Quotulatiousness

August 4, 2017

The recent machine gun purchase is a great example of how broken our defence procurement system

Filed under: Cancon, Military — Tags: , , , — Nicholas @ 05:00

About a week ago, the Department of National Defence announced they were purchasing some new machine guns for the Canadian Army. The new weapon is an improved version of the C6 General Purpose Machine Gun (GPMG) currently in service. The Ottawa Citizen gave the basic information on the deal in this article:

Canadian C6 GPMG. (DND photo)

The Canadian government will purchase 1148 new C6A1 FLEX General Purpose Machine Guns from Colt Canada, Defence Minister Harjit Sajjan announced Wednesday.

The current C6 machine guns were procured over 30 years ago. Some have been removed from service due to wear and tear and others are reaching the end of their service life, according to the Canadian military.

The new C6A1 FLEX (flexible) is designed to be carried by soldiers or attached to vehicles such as the new Tactical Armoured Patrol Vehicle. The new machine gun will feature a durable polymer butt stock instead of the current wooden style, according to the Canadian Forces. Additionally, soldiers will be able to attach pointing devices and optical sighting systems to the new weapon to help increase their operational effectiveness.

Sounds good, right? Not so fast:

On the face of it this is a good news story. The C6, a 7.62-mm is a fully-automatic, air-cooled, gas- and spring-operated medium machine gun that is well liked by the troops of the many western nations which use some version of this weapon. Based on the Fabrique Nationale (FN) MAG it has been used by more than 80 countries, and is made under licence in several countries, most notably the USA where it is known as the M240. It is many ways the standard machine gun, used by all our allies.

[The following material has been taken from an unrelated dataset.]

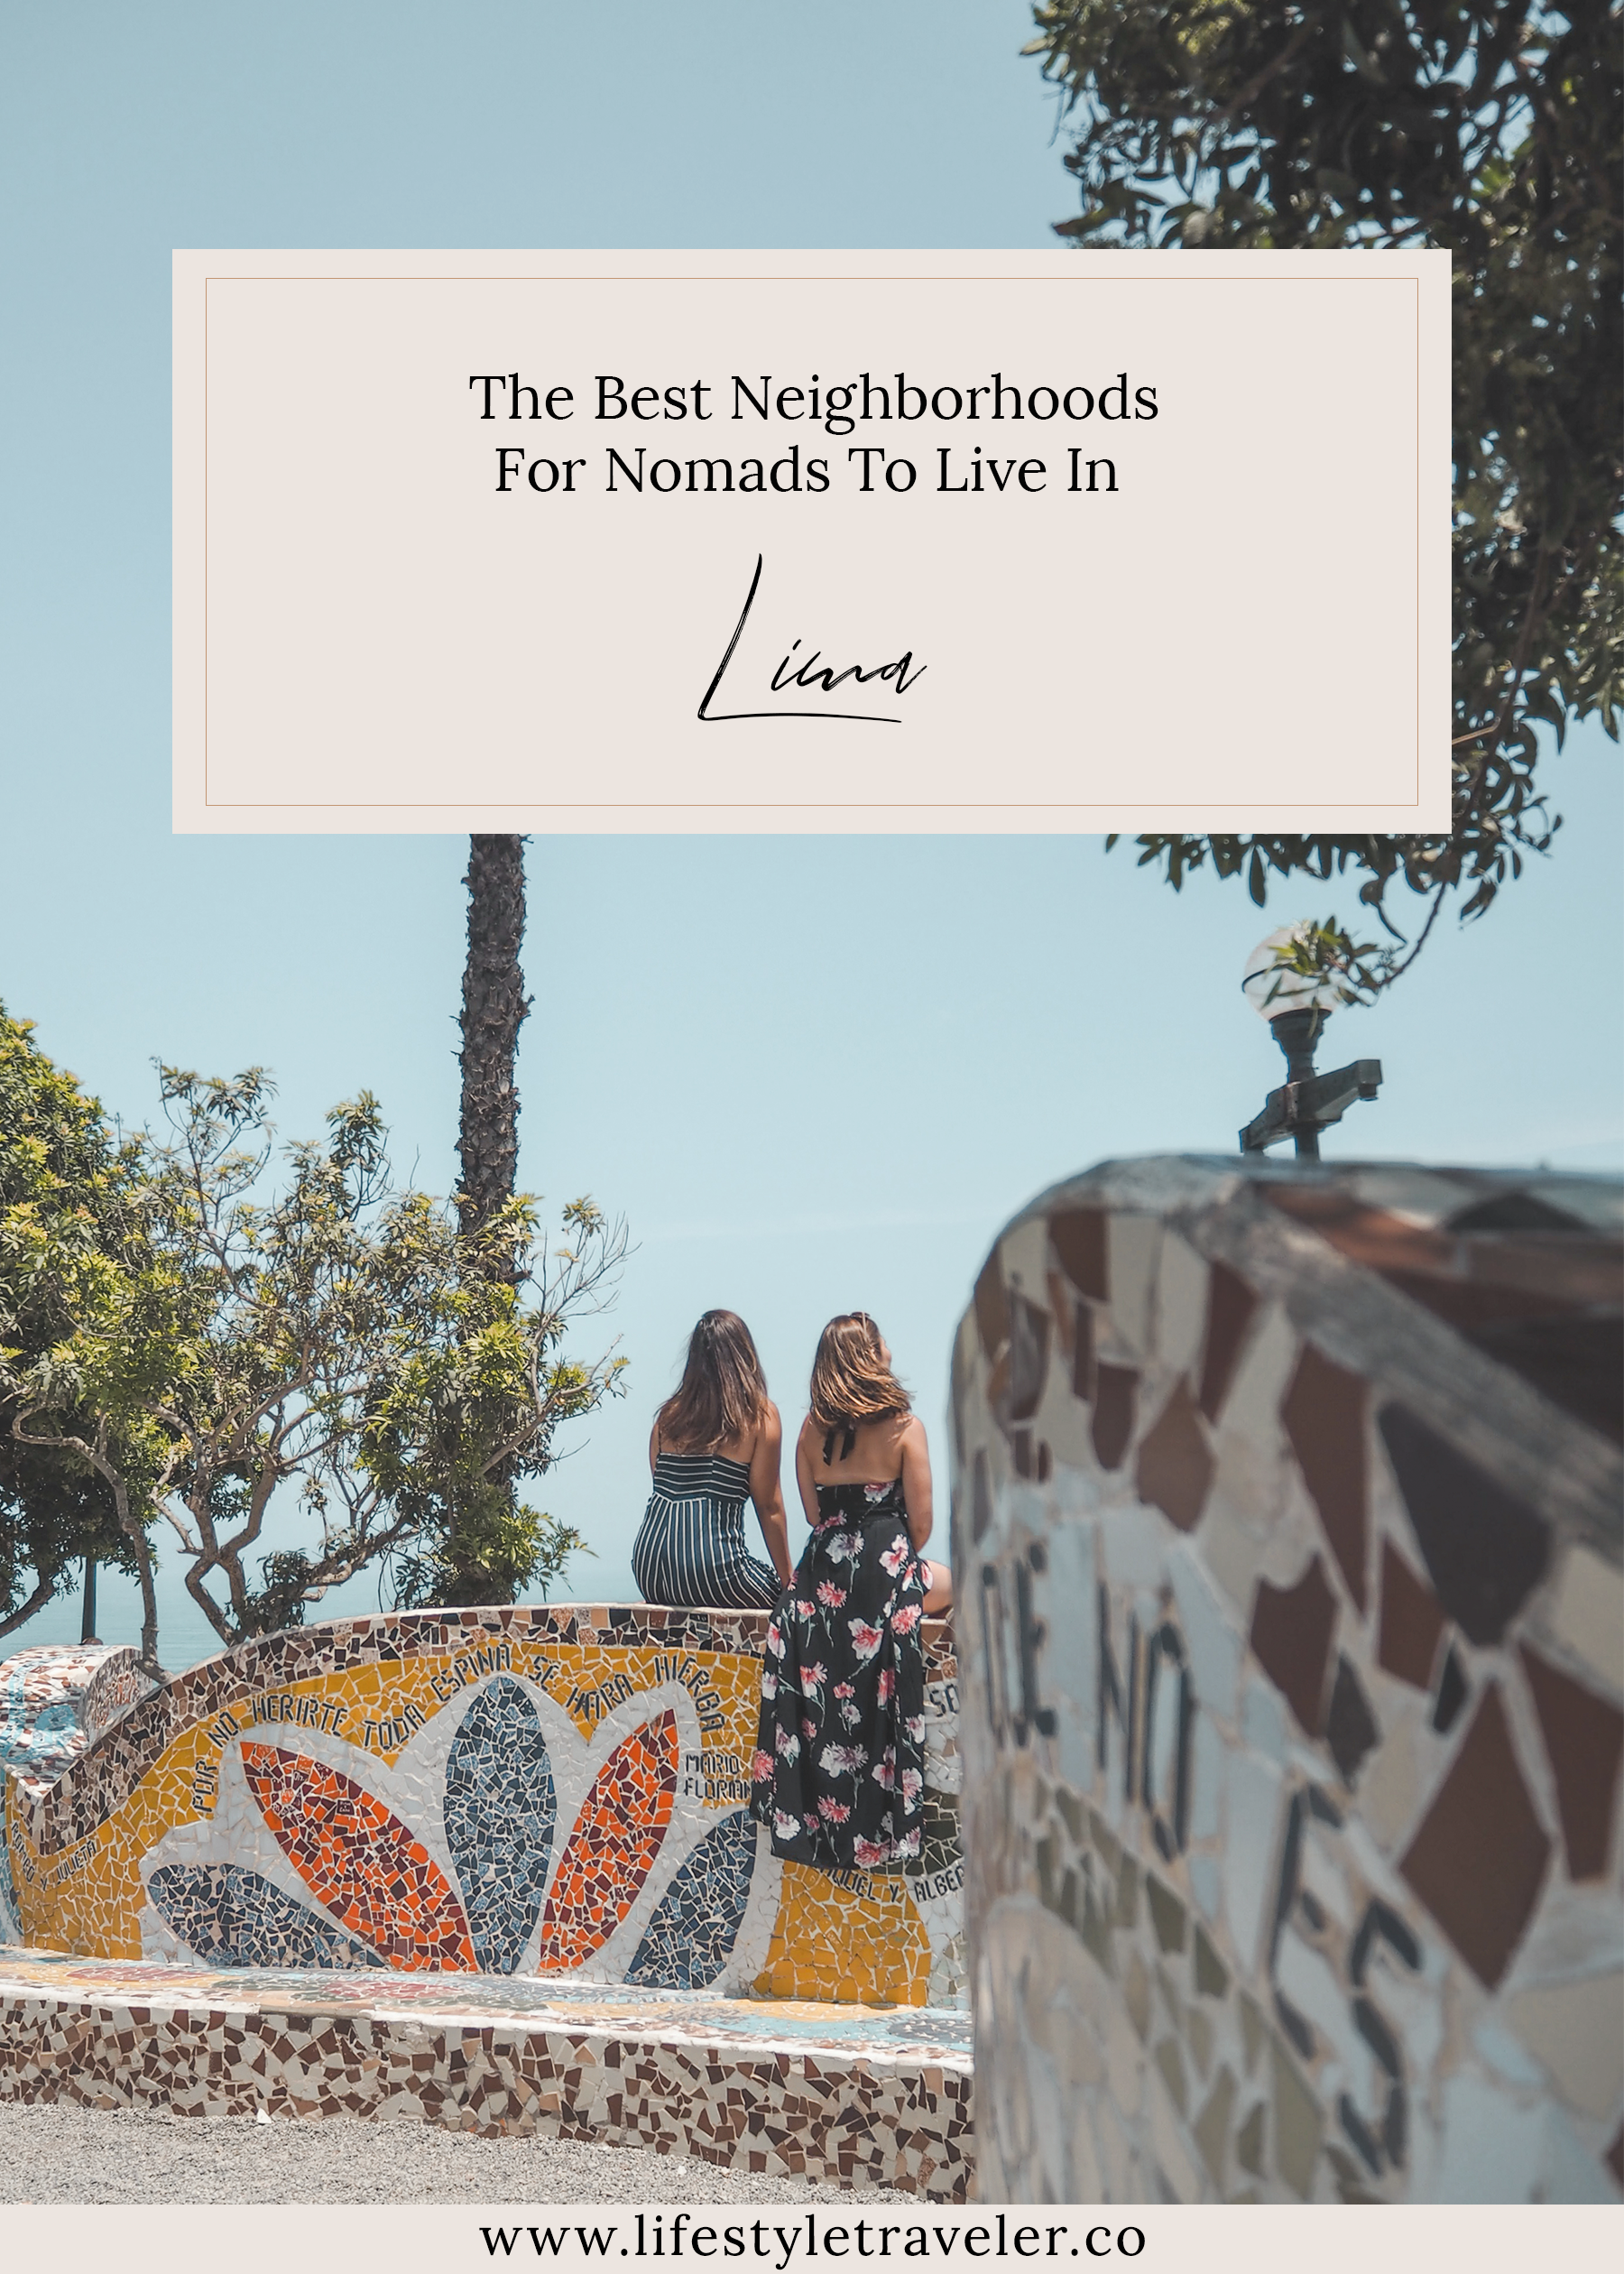 The Best Neighborhoods To Live In Lima For Nomads | lifestyletraveler.co | IG: @lifestyletraveler.co

A closer look suggests that this announcement reveals everything that is wrong with Canadian defence procurement.

For our $32.1 million we get 1148 new C6A1 machine guns (with cleaning and repair kits, spare parts and carrying slings), 13 jobs which it seems reasonable to assume are for the length of the contract, i.e. two years, and a production line including engineering validation and certifications. Or perhaps more accurately, Colt Canada gets a production line at the Colt Canada plant.

Even if we accept that the implied a cost of nearly $28,000 per weapon should be informed by the fact that about one-quarter of the contract cost goes toward setting up a production line it still means that each weapon is costing almost $21,000 each.

The price of the equivalent US weapon, the M240, is somewhere between $6,600 US and $9,200 US depending on which model is being purchased. This means that, at current exchange rates, if we were to purchase the weapons from FN’s U.S.plant they would cost us about $10,000 each, in Canadian dollars. This in turn suggests that we would save at least $12,628,000. If you assume that in this case we don’t have to buy Colt Canada a new production line it works out to a savings of almost $20 million dollars.

This is the real cost of those 13 jobs for 2 years, over $750,000 for each job per year.

One would think that jobs that cost taxpayers $750,000 per year would raise questions.

Questions like; do we need to make our own machine guns, especially when we consider that they are almost universally available from a number of our allies and that we have the proven ability to maintain them ourselves?

So, it’s not just that we can’t buy ships or fighter aircraft at a competitive price — because our politicians are addicted to using military spending for partisan purposes — we can’t even buy a slight variant on a bog-standard infantry support weapon without paying through the nose.

H/T to MILNEWS.ca for the link (perhaps we should consider changing that standard section heading from “What’s Canada Buying?” to “What’s Canada subsidizing in the form of procurement?” or “What’s Canada being robbed blind over now?”)

2 Comments

  1. Thanks for the mention, and LOVE the potential section rename ideas – “defence subsidy trough” is such a harsh term, right? 🙂

    Comment by MILNEWS.ca — August 4, 2017 @ 07:38

  2. My pleasure. I’m impressed with your ability to keep a dispassionate tone in your section headings!